Suzanne-Louise Le Peletier de Saint-Fargeau est la fille de Marie-Louise Adélaïde Joly de Fleury et de Louis-Michel Le Peletier de Saint-Fargeau[2], issu d'une célèbre dynastie de magistrats au Parlement de Paris.
Après l'assassinat de son père le 20 janvier 1793, considéré comme le « premier martyr de la Révolution française », elle devient la première fille adoptive de la nation à l'âge de 11 ans[3].
Le Peletier veut épouser un néerlandais, Jean-François De Witt[4]. L'adoption par l'État signifie qu'elle est émancipée de sa famille et donc de ses oncles. Ceux-ci s'opposent à ce mariage au motif qu'il n'est pas français[4]. En raison de leur manque de pouvoir juridique sur elle, ils ne peuvent empêcher Le Peletier de se marier. Ses oncles saisissent alors le législateur français et demandent à l'État de jouer son rôle de père et d'empêcher Le Peletier de se dénationaliser en épousant un néerlandais[4].

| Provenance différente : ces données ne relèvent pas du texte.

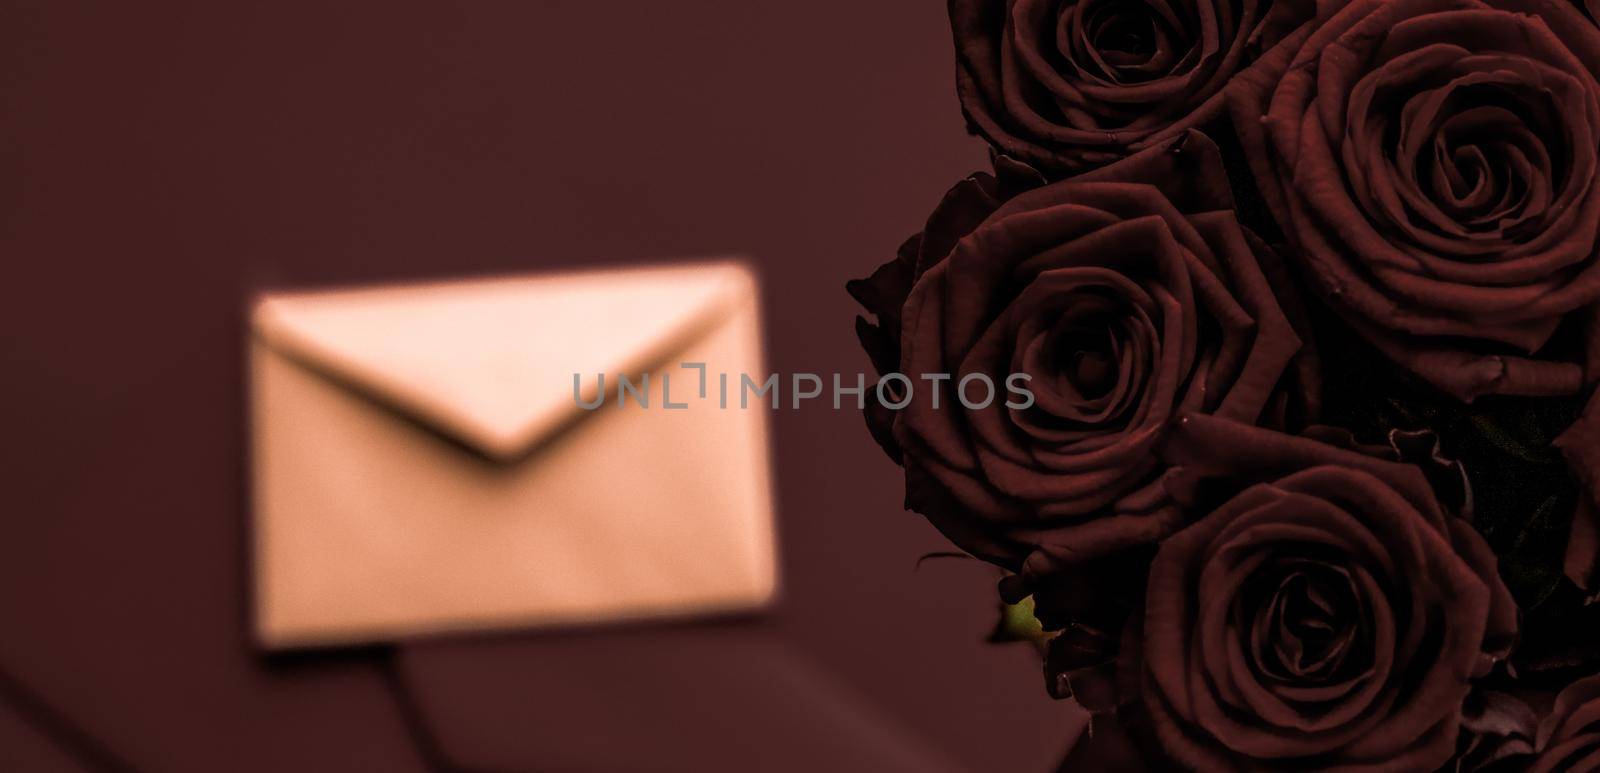 Love letter and flowers delivery on Valentines Day, luxury bouquet of roses and card on chocolate background for romantic holiday design by Anneleven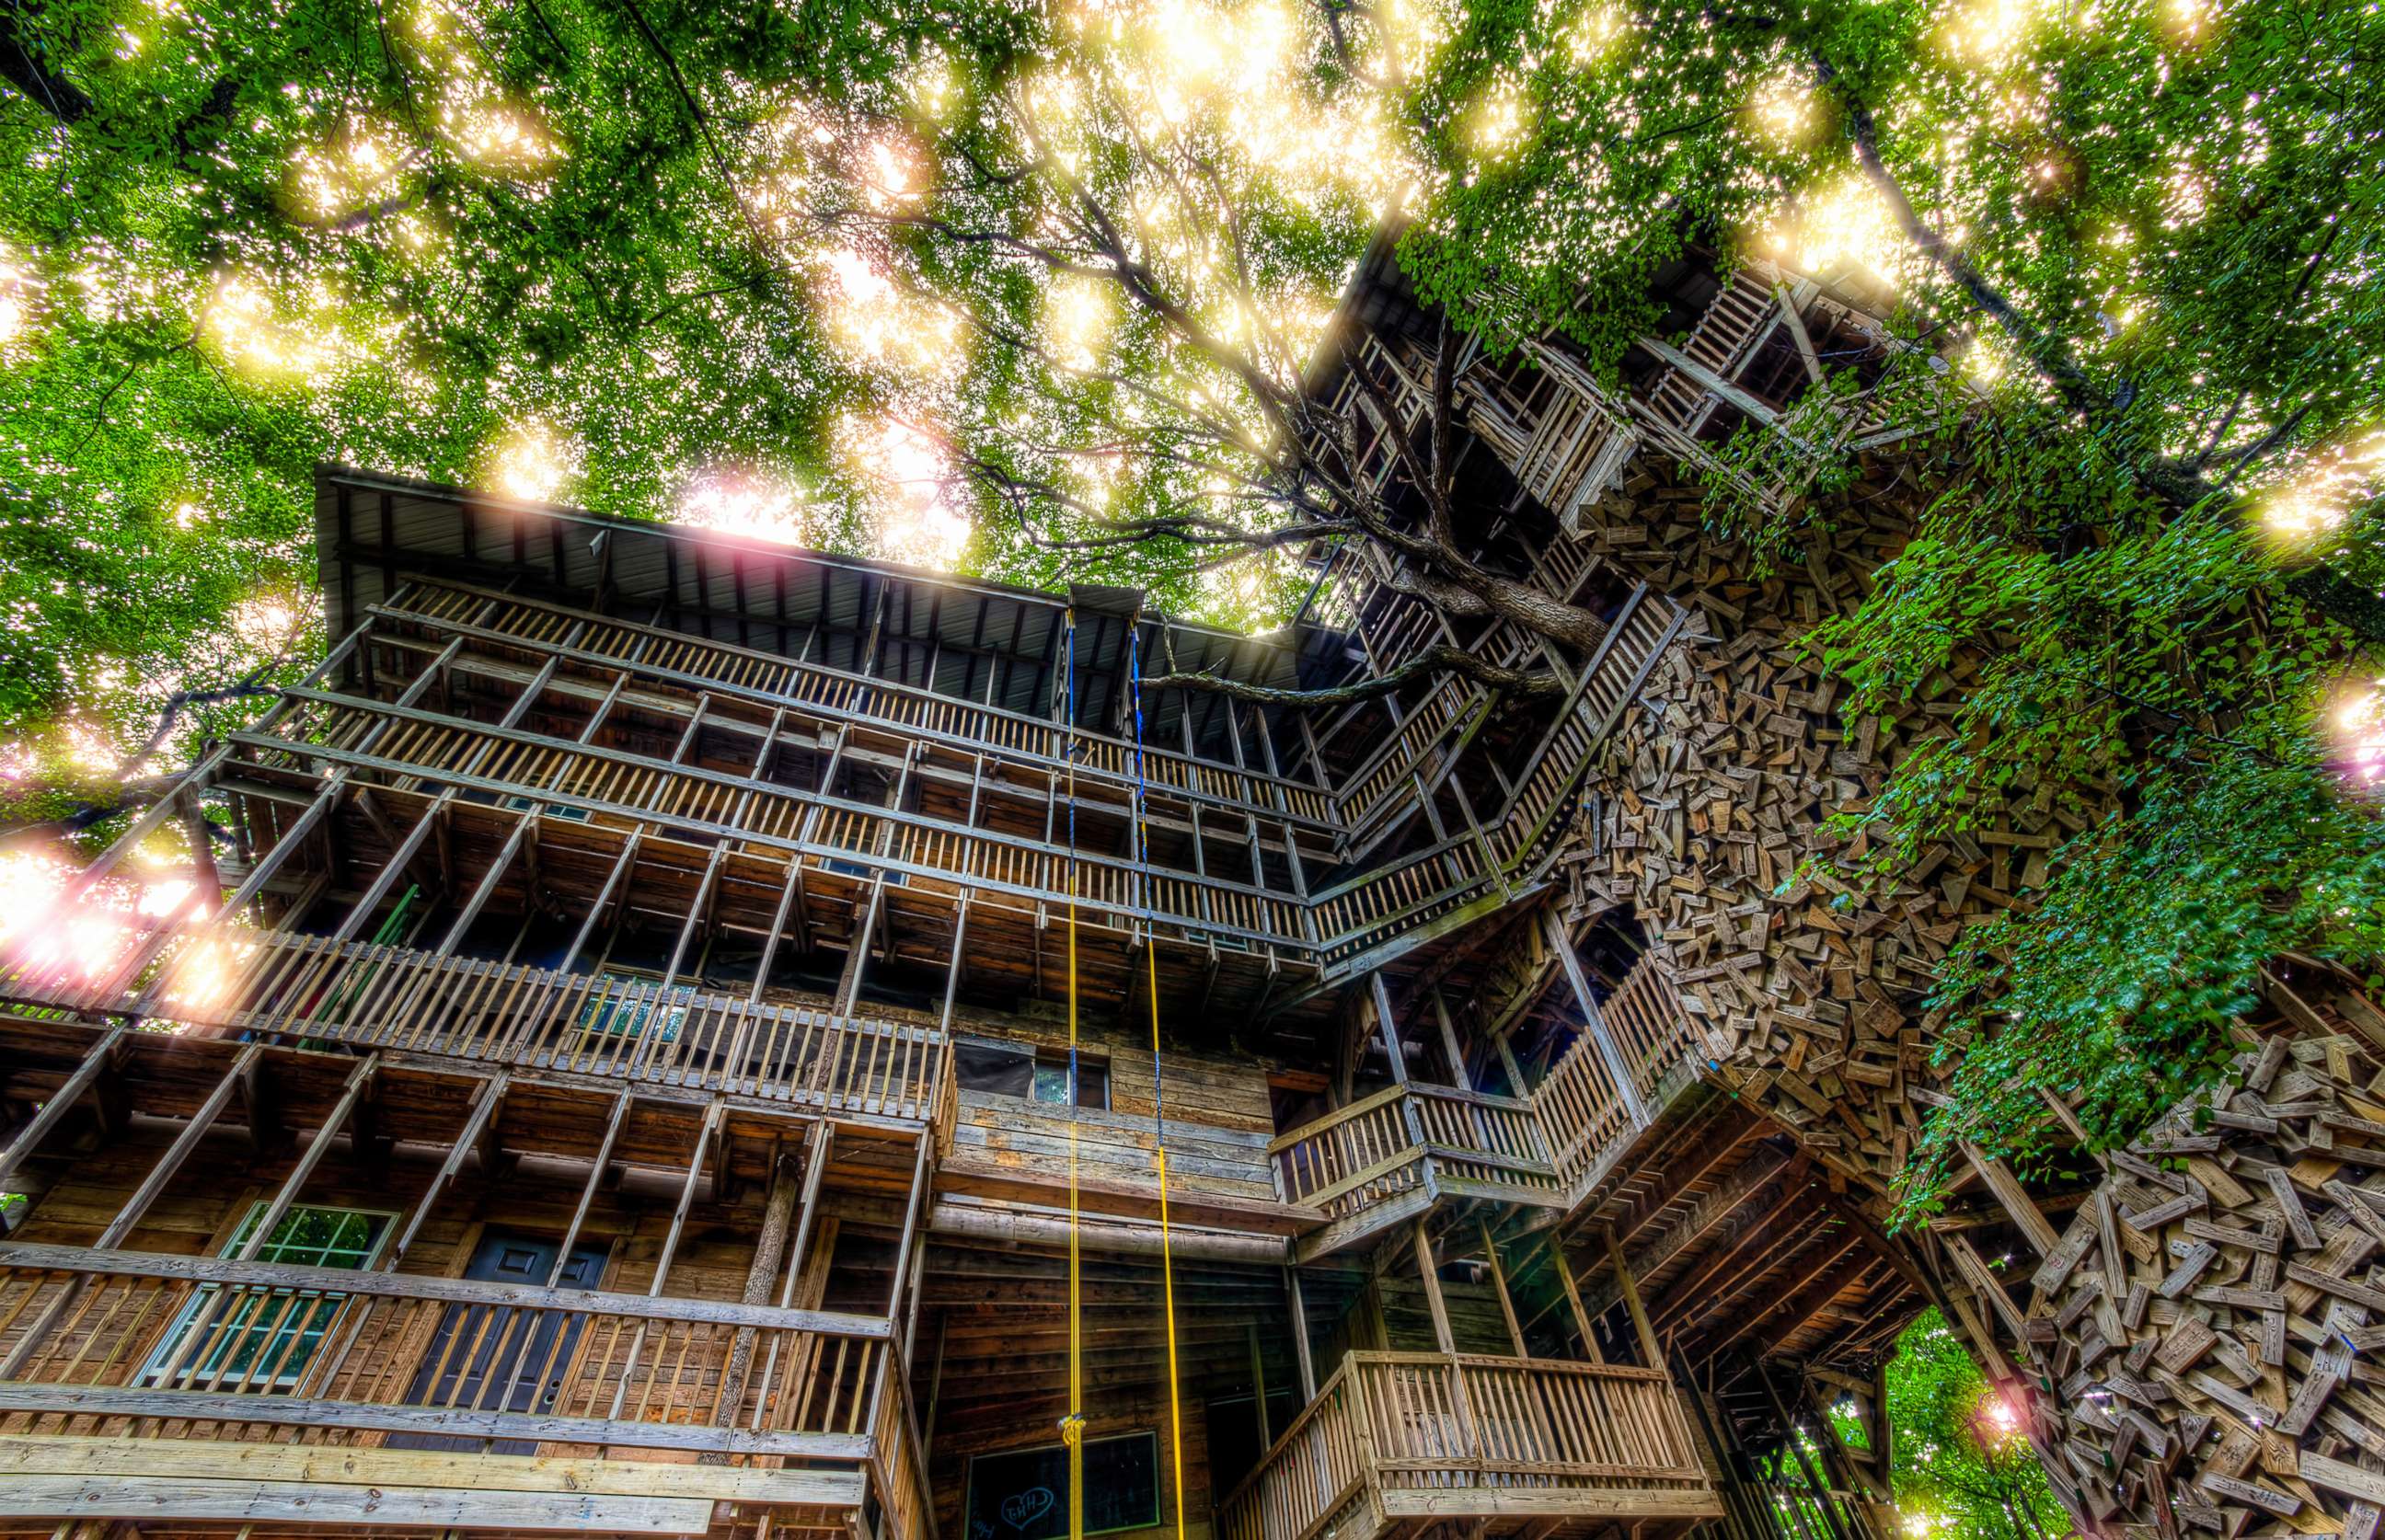 PHOTO: The Minister's Treehouse in Crossville, Tenn., July 14, 2012.

Cette affaire met Le Peletier sous les feux de la rampe. Le public débat des pouvoirs de l'adoption nationale et des facteurs définissant les relations entre la famille et l'État. Ses fiançailles avec un étranger donnent également lieu à des débats publics sur la citoyenneté et sa signification, en particulier pour les femmes, et sur la question de savoir si le mariage a ou non une incidence sur leur citoyenneté[4].
Les débats de l'affaire soulèvent des points contradictoires. Ceux qui soutiennent des familles centrées sur le père, avec une femme et des enfants subordonnés, en affirmant qu'elles n'ont pas besoin de contrôle parental. Au contraire, ceux qui soutiennent Le Peletier en mettant l'accent sur les droits individuels et la rationalité d'une jeune femme. Sébastien Erard, l'un de ses partisans, lui envoie un piano[5]. Les partisans de ses oncles rappellent qu'elle est la « première fille de la République » et qu'elle est le symbole de la France et de la révolution. Ils évoquent aussi son incapacité à être une citoyenne indépendante de la France[4].
Le Peletier et De Witt peuvent se marier peu après, en 1798[6]. Le mariage ne dure pas longtemps et le juge leur accorde le divorce en 1800[7].
En 1804, elle est fiancée à son cousin Léon Le Peletier de Mortefontaine. Le 4 octobre 1806, ils se marient. Ensemble, le couple a deux enfants[7].
En 1804, la même année que son mariage, Jacques-Louis David fait son portrait[8].
Le Peletier meurt le 19 août 1829 à Saint-Fargeau dans l'Yonne.